Instructions for the task: Transcribe word for word the lines below from the line with "Crowds of Chinese" through the line with "One board legend", ends included.

Provided records:
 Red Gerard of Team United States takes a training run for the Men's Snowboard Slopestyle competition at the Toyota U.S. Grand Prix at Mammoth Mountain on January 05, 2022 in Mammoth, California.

...

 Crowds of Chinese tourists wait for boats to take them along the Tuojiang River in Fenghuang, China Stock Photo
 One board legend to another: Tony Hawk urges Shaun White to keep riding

* * *

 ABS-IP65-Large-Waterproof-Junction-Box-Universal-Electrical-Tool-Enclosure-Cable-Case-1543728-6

Answer below:
 Crowds of Chinese tourists wait for boats to take them along the Tuojiang River in Fenghuang, China Stock Photo
 One board legend to another: Tony Hawk urges Shaun White to keep riding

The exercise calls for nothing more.